You are running the demo of HumanSD ........ No module 'xformers'. Proceeding without it. LatentPoseText2ImageDiffusion_HumanSD_originalloss: Running in eps-prediction mode DiffusionWrapper has 865.92 M params. making attention of type 'vanilla' with 512 in_channels Working with z of shape (1, 4, 32, 32) = 4096 dimensions. making attention of type 'vanilla' with 512 in_channels

Can you help me to figure it out? Thank you.

@juxuan27 Sorry, I think I figure it out. The configs from mmpose also need the correct version. And I found the public link is: https://51efdbe3-b1cb-4474.gradio.live/ It really cool

LiuqingZ2333 commented 1 year ago

Thank you very much for your wonderful work, there is a problem in running the reasoning. The checkpoints of HumanSD you provided is higherhrnet_w48_humanart_512x512_udp.pth, but the code says higherhrnet_w48_coco_512x512_udp.pth. Are these two files the same? If not, can you provide the coco pth file, thank you very much!

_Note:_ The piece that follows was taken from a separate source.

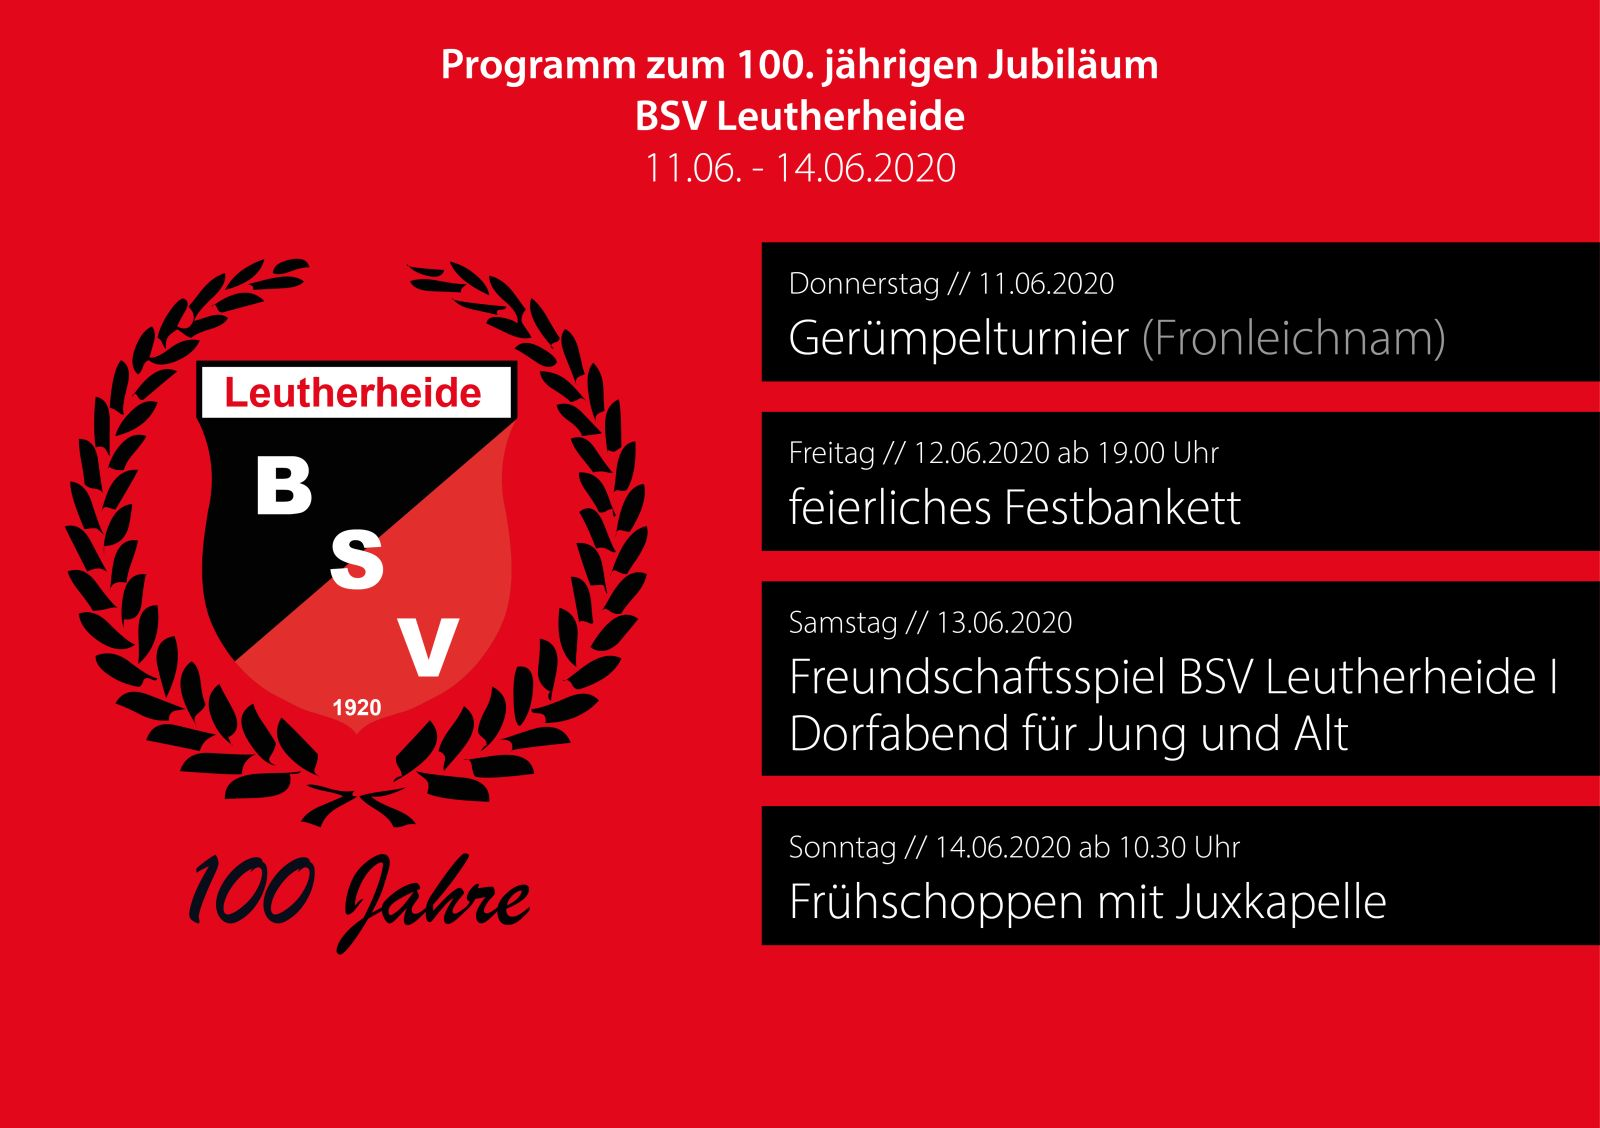 100 Jahre BSV Leutherheide

juxuan27 commented 1 year ago

Hi, @LiuqingZ2333 ! These two files are not the same. The higherhrnet_w48_humanart_512x512_udp.pth is trained on the joint of HumanArt and MSCOCO, which has a better generation ability. You can find the file if you have apply for the HumanSD's dataset. It is in the checkpoint folder. Of course, you can simply use the chekcpoint trained on coco (higherhrnet_w48_coco_512x512_udp.pth). The usage is the same.